Living with Cleft Lip and Palate, Cade

Cade’s Story – Written by his mom, Michele

Cade as an infant and as a preteen

Michele and her son Cade, who was born with cleft lip and cleft palate, share Cade’s story. Cade has learned to define his disability, not let it define him, and to use it to help others by telling his story.

My son Cade was born April of 2000 with a severe case of cleft lip and palate. I didn’t learn about Cade’s cleft during my pregnancy, and after his birth, I had a lot to absorb and learn very quickly. Even though at first we were devastated and scared, my husband and I immediately embraced the challenges we knew we faced, and we were just as proud of our new son as if he had been born without a birth defect. We knew that God had given Cade to us for a reason, and we spent the first few months of Cade’s life educating ourselves about his condition and things we could do to make Cade’s life as normal as possible. Although there were things we had to do differently, we tried very hard to treat Cade as though there was nothing different about him. Before his first corrective surgery, we proudly showed him off, took pictures of him, and sent him to daycare as though there was nothing different about him. We focused on educating everyone we came in contact with, rather than sheltering him at home.

When Cade began school, sometimes the other children would tease him. As much as it broke my heart when he was bullied, we explained that everyone gets made fun of and that we all have insecurities. We asked our family and close friends to share their own experiences and insecurities, and encouraged Cade to address his differences. When he was the star of the week in school, he would take in pictures from infancy and educate his classmates and teachers about his condition.

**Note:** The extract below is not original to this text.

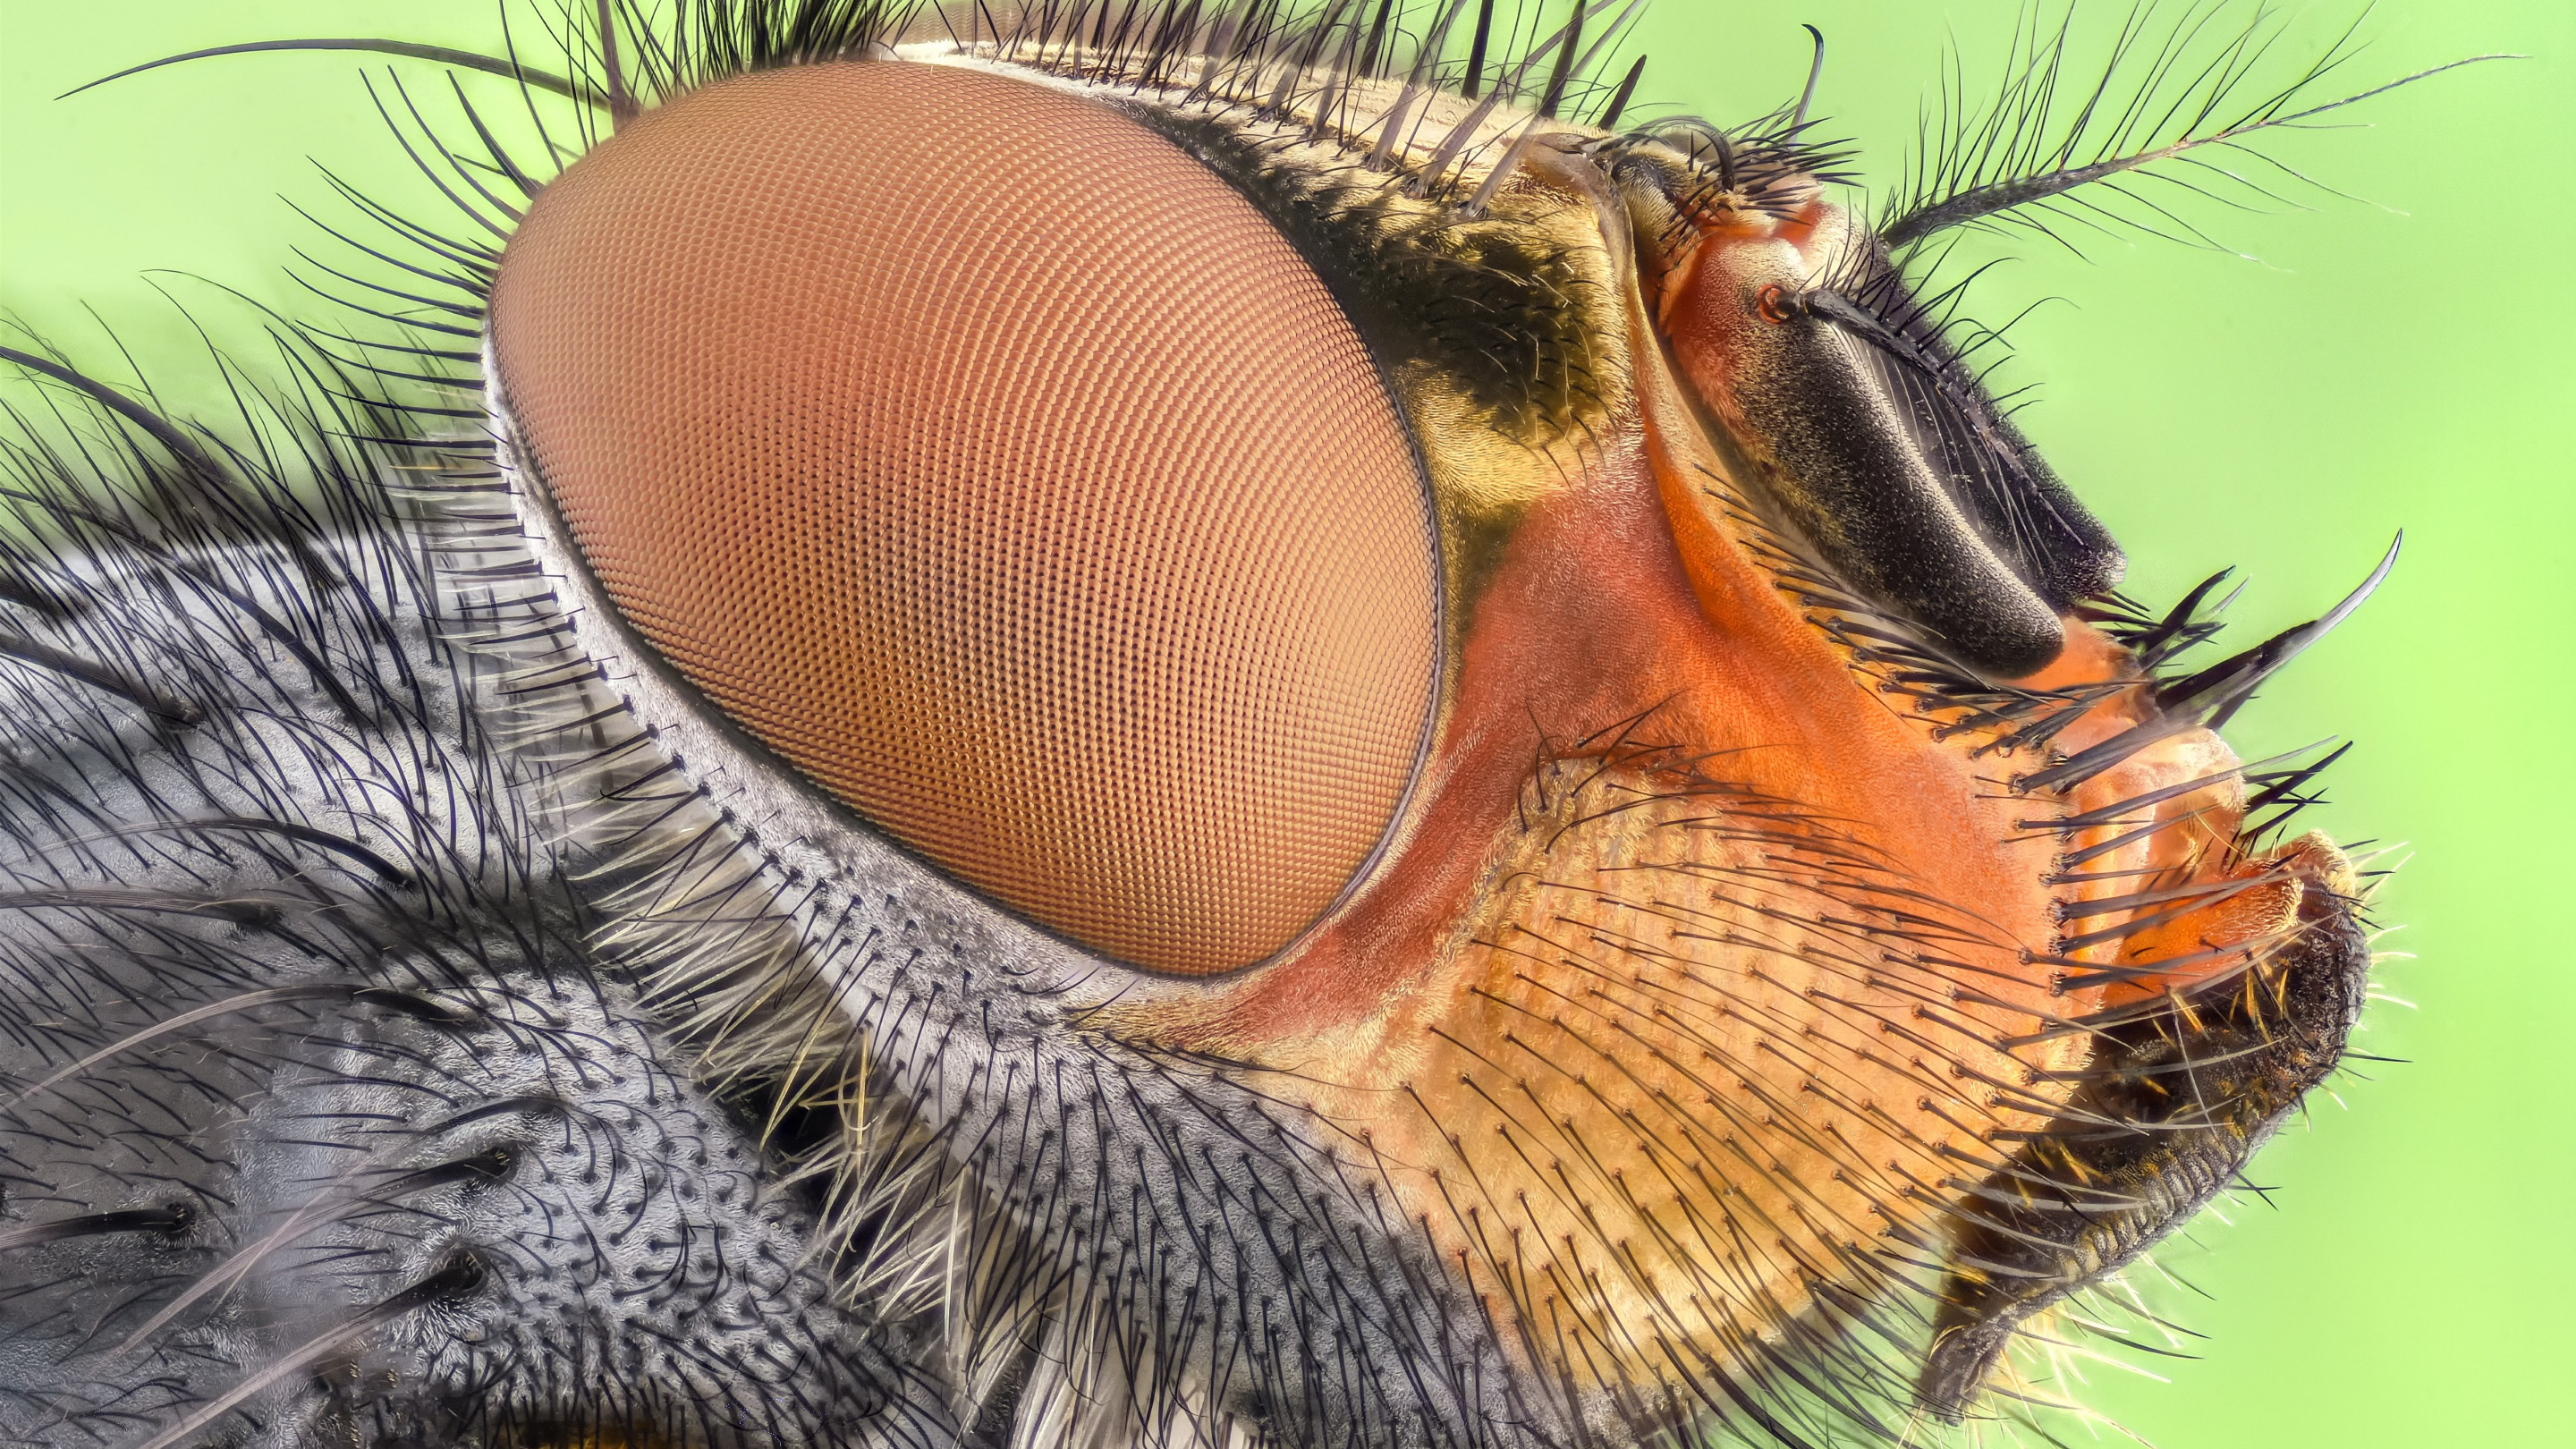 Close up insect portrait wallpaper 2880x1620

Before each surgery, I would join him at school to talk about the surgery in front of his class. As a result, the other children became supportive and protective of Cade, rather than teasing him, once they knew more about what he was going through.

Today, Cade has had five reconstructive surgeries, five sets of ear tubes, and has many more surgeries to come. I admire Cade for his determination, confidence, and his caring and outgoing personality. He has learned to define his disability, not let it define him, and to use it to help others by telling his story.

From Cade:

God has made me this way for a reason, and I feel his reason was for me to help show other kids and adults that it’s ok to have a disability. It shouldn’t hold you back. It has never stopped me from doing anything. Sure there are things I don’t like about myself, but overall I am happy with the way I look. My goals are to continue to make people feel better about themselves and strive to become a professional baseball player. If I had message it would be to say “look at me, not my disability!” God made you this way for a reason too, you have a gift not a disability so hold your head high and go for your dreams.